- The data -
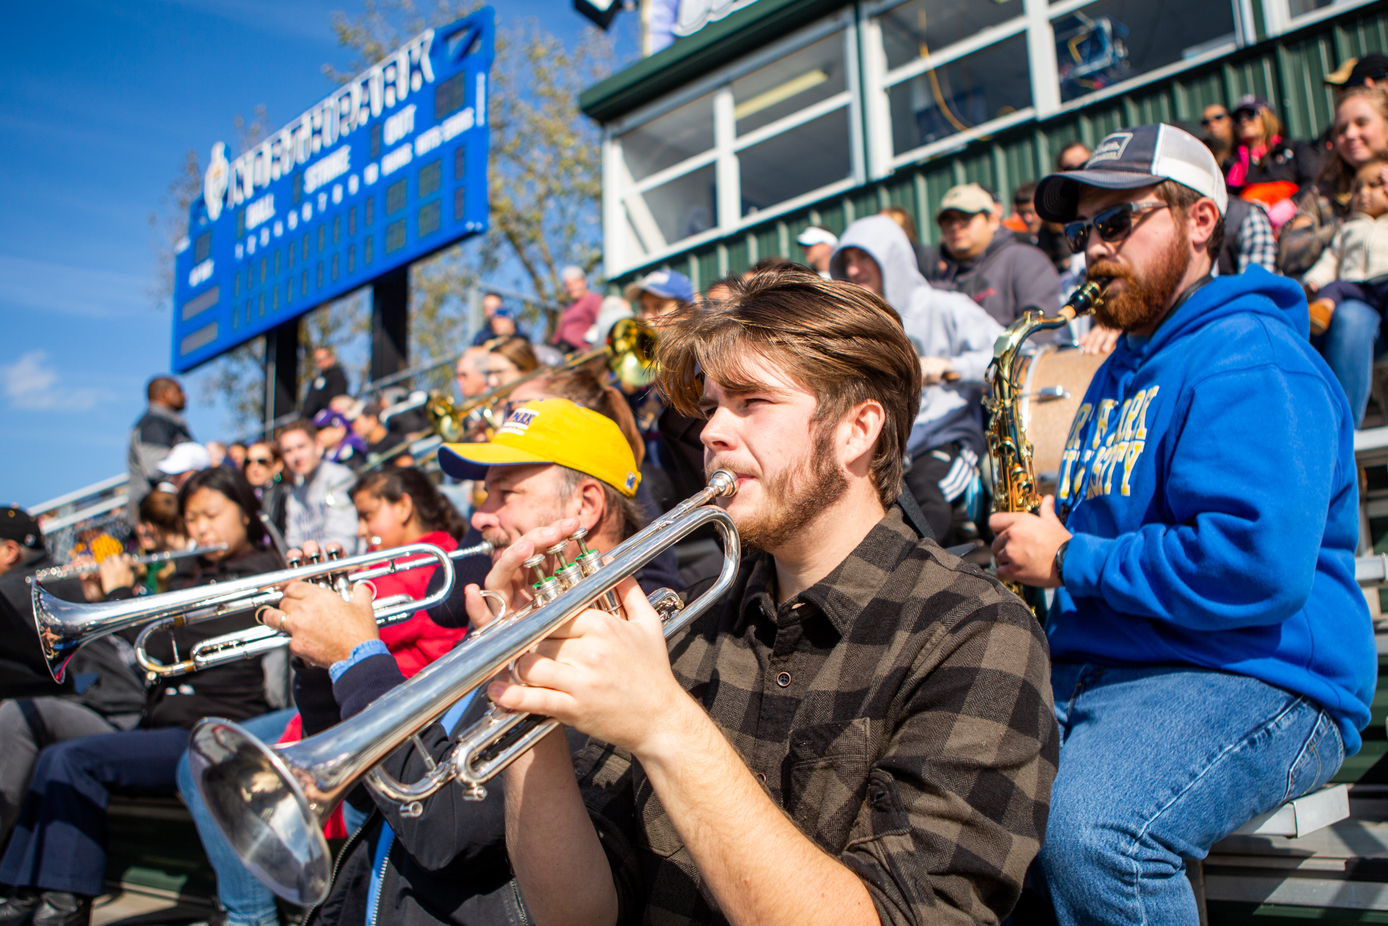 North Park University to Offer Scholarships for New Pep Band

...

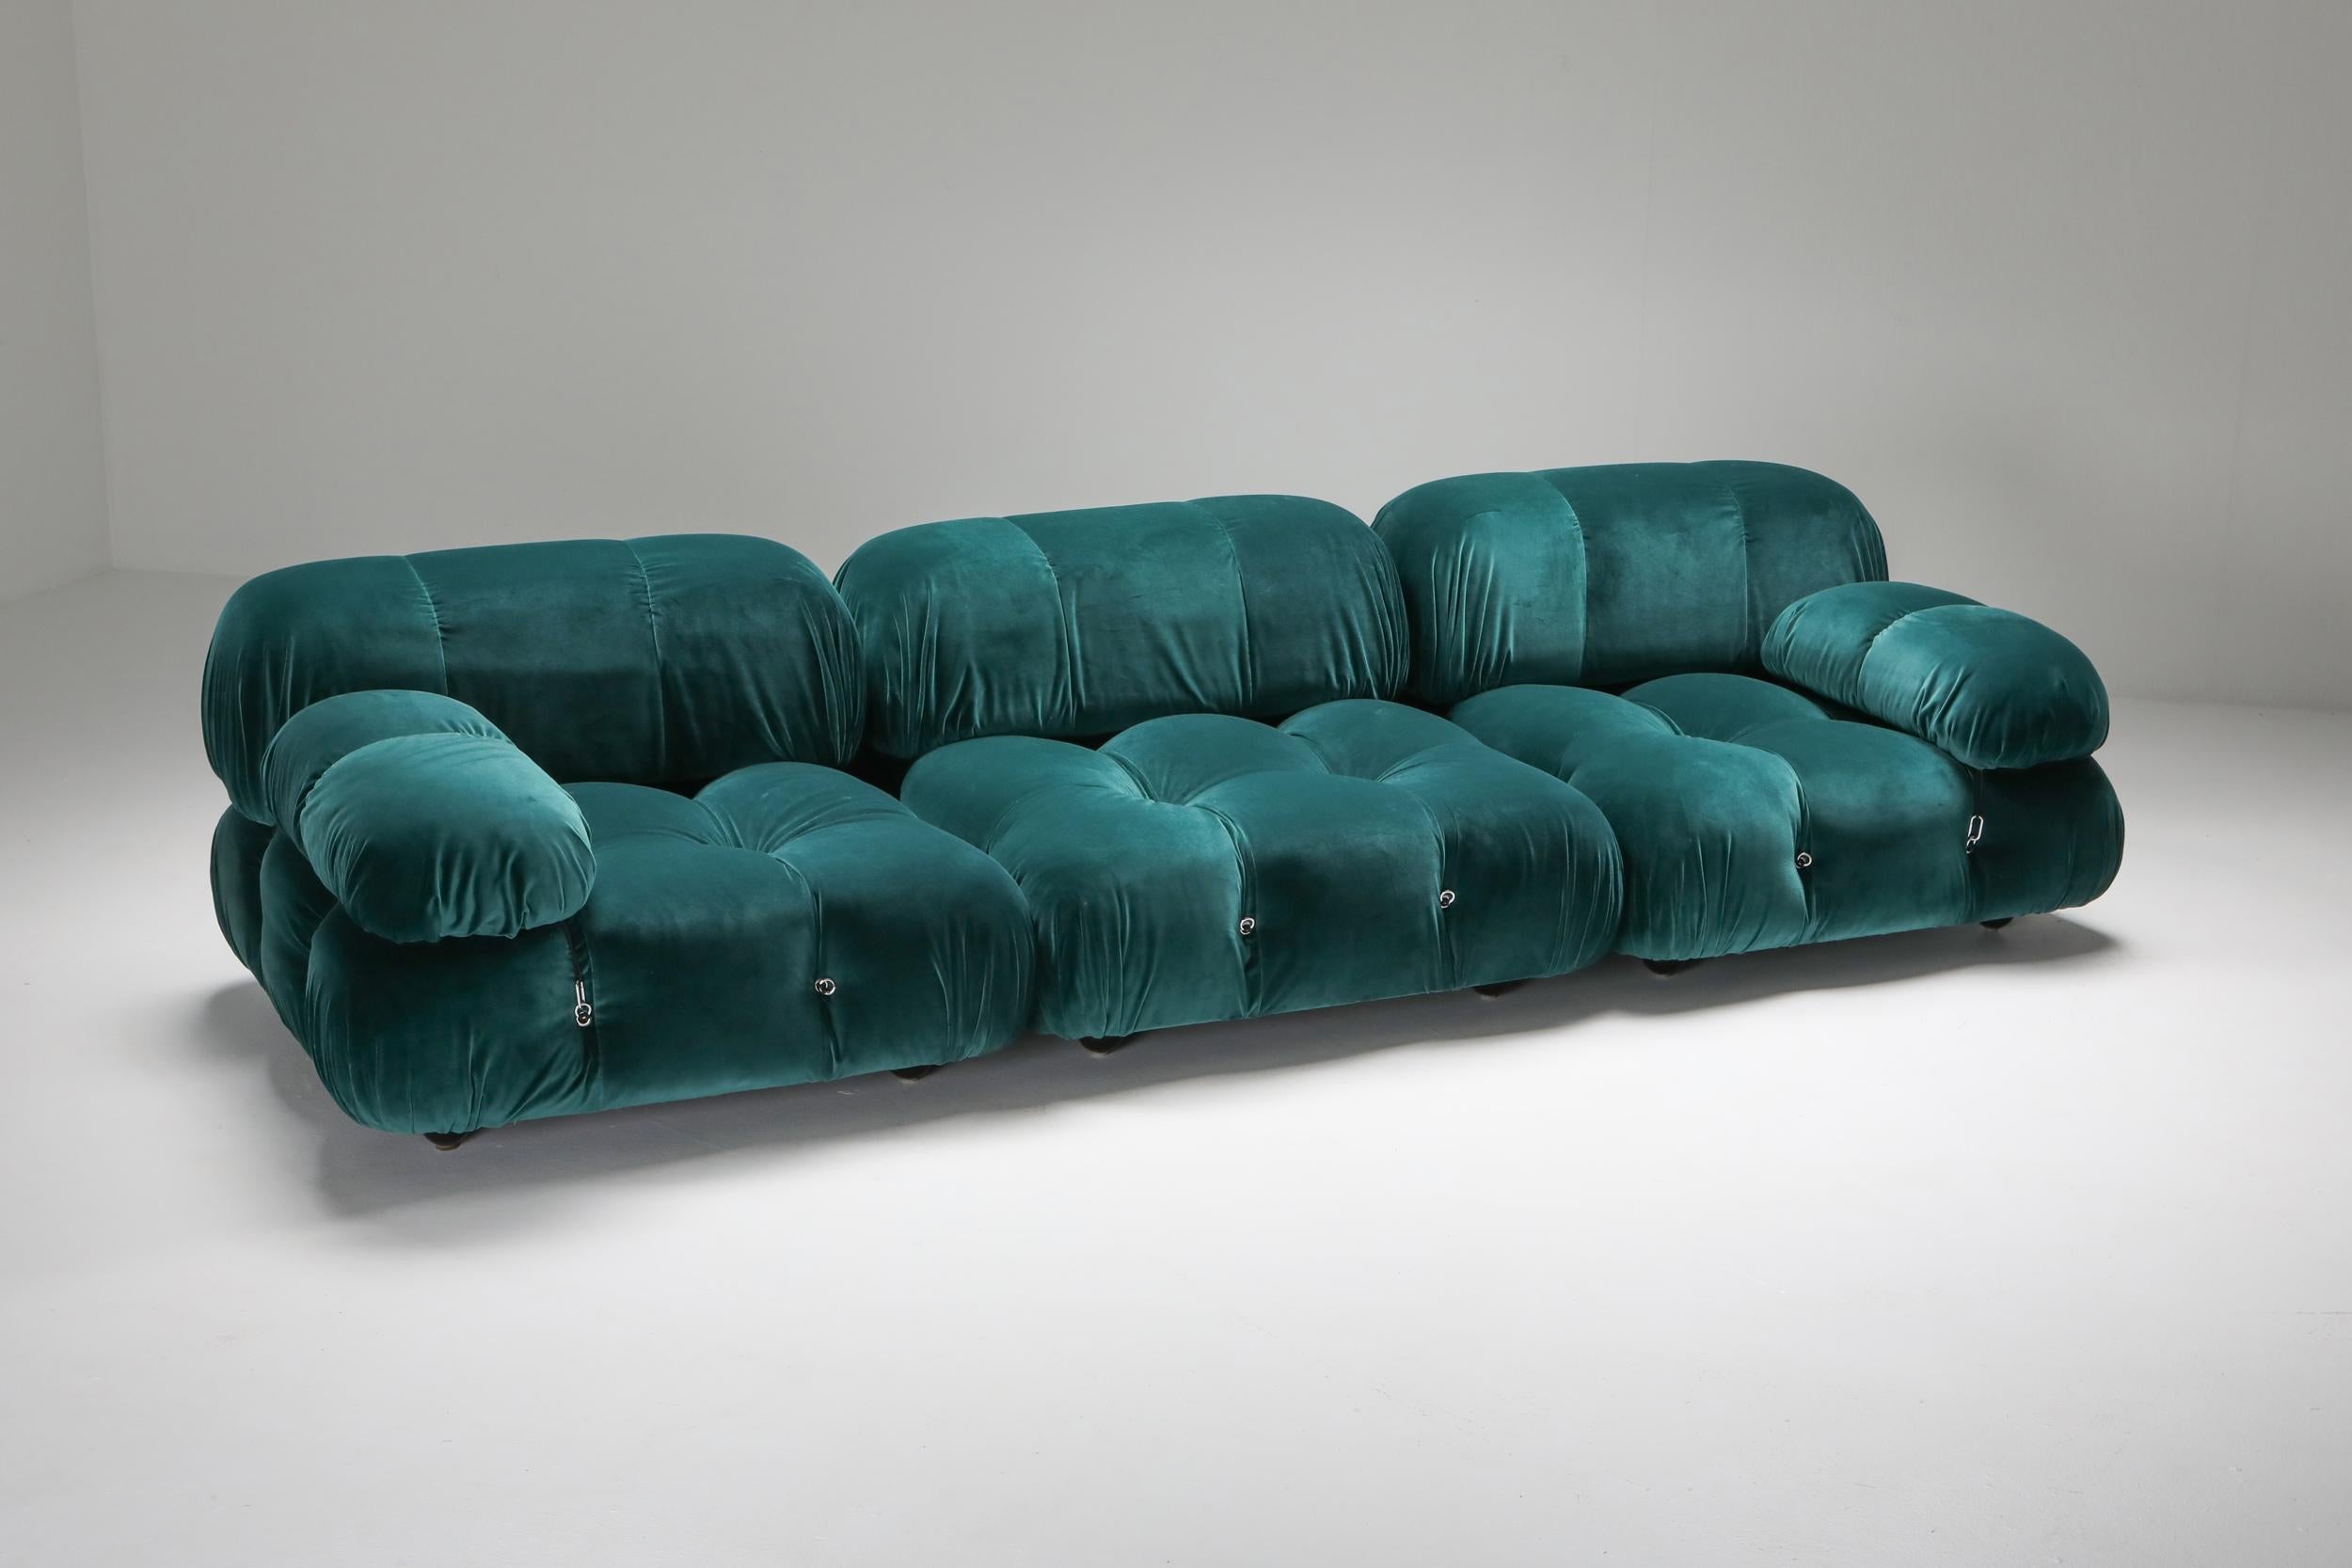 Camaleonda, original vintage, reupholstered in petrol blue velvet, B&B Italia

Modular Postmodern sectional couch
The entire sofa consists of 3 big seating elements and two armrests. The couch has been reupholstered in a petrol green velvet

- Task -
Go through the listing above and write out exactly the lines starting with the one holding "Modular Postmodern sectional couch" and running through the one holding "The entire sofa", ends included, and no others.

- Output of the task -
Modular Postmodern sectional couch
The entire sofa consists of 3 big seating elements and two armrests. The couch has been reupholstered in a petrol green velvet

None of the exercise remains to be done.